Hamlet abre com uma fala: “Quem está aí?”. É a frase que se repete em todas as peças shakespearianas. Esta indagação é uma fala geralmente ao fantasma (não ao personagem espectral, mas ao lugar da culpa). Esta fala não é de Hamlet, mas é como se pertencesse a esse peso de consciência de Hamlet (as personagens sentinelas, no caso Bernardo que faz a pergunta, podem ser lidas metáforas dos mecanismos de defesa e condenação internas do ego e superego). Segundo o pesquisador Ronaldo Marin, diretor do Instituto Shakespeare do Brasil: “quem é esse ser que pensa, que fala e que age envolto em uma pletora de sentimentos e emoções?” (2014). Podemos compreender que essa pergunta nos mostra que as peças shakespearianas são sobre a psiquê das personagens centrais. É como uma terapia na qual as análises psicanalíticas estariam sendo revelas ao público. Quem é essa voz que ecoa e julga dentro da mente de Hamlet, Macbeth, Ricardo III e demais personagens? – é o conflito direto entre o sujeito do desejo e o fantasma da culpa. “Quem está aí?” – responderia pois: Eu, o fantasma.

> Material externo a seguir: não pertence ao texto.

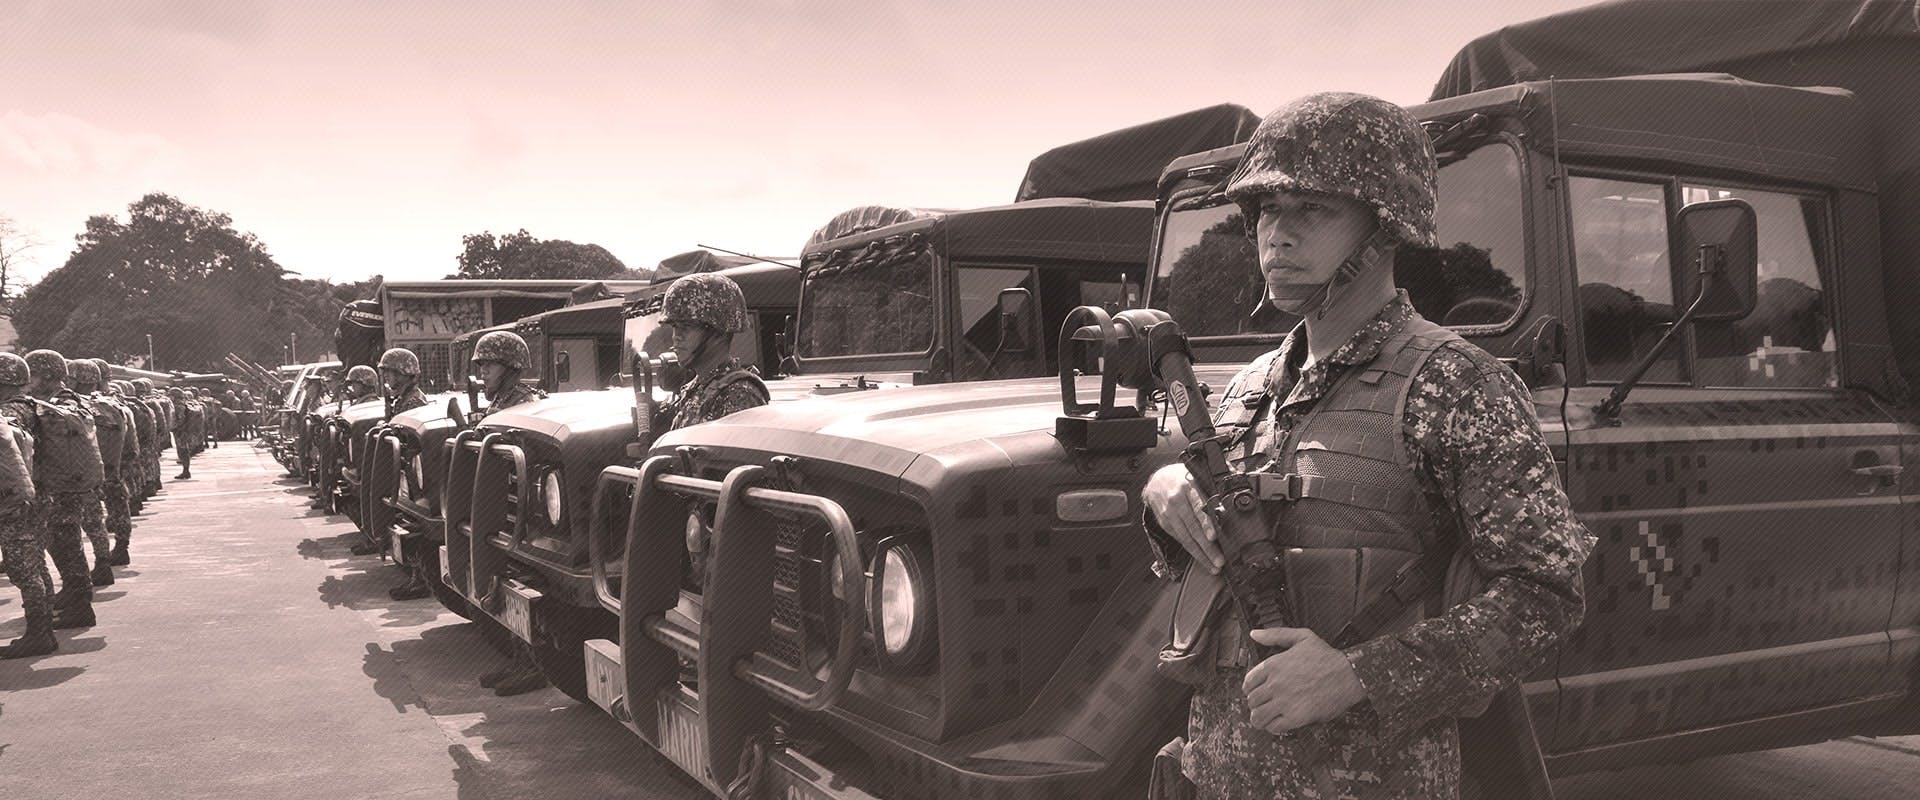 A grayscale photograph of a line of military personnel standing next to armored vehicles. The soldier in the foreground, wearing a camouflaged uniform and helmet, holds a communication device. Behind him, rows of soldiers stand at attention, and multiple military vehicles are parked, all under a partly cloudy sky.

Em análise, o analisando está lá para enfrentar seus fantasmas, enfrentar a culpa e ressignificar suas fantasias. Freud observou que a realização da fantasia não é uma realização de prazer. Lacan revisita no seu Seminário 6 (1959) esse estudo freudiano, pontuando que o desejo edipiano quando confronta o real dá conta que se perdeu em um lugar de “ilusão”. Não há, portanto, a mãe como a esposa (essa metáfora em Édipo Rei) e sim a mãe desejada na libido, na sexualidade, mas que jamais será atingida (por isso recorre a Hamlet). Em Macbeth, essa mãe não está na figura progenitora, como em Hamlet, mas na figura da esposa que assume um papel, por senão, edipiano. 

Enfim, a lição que tiramos com os fantasmas nas peças shakespearianas é que se a culpa não é elaborada, se o édipo não é elaborado, ressignificado, o sujeito será assombrado por esse lugar de julgamento moral, psíquico e de destituição da tríade filho-mãe-pai. Estará em um barco navegando numa fantasia na qual não se permite chegar em terra firme, pois o real lhe é terrivelmente ameaçador.

*Esse artigo faz parte de uma série de artigos sobre Shakespeare que iniciaram com “Shakespeare, um psicanalista?”, “Quem te cortou a língua?”, “Por que Lacan interessou por Shakespeare?” e terá ainda mais alguns artigos: “Como Winnicott compreendeu Hamlet? - a dissociação, entre o ser e o não ser” e “Ricardo III é um ou dois? - a clivagem do eu e a esquizofrenia”.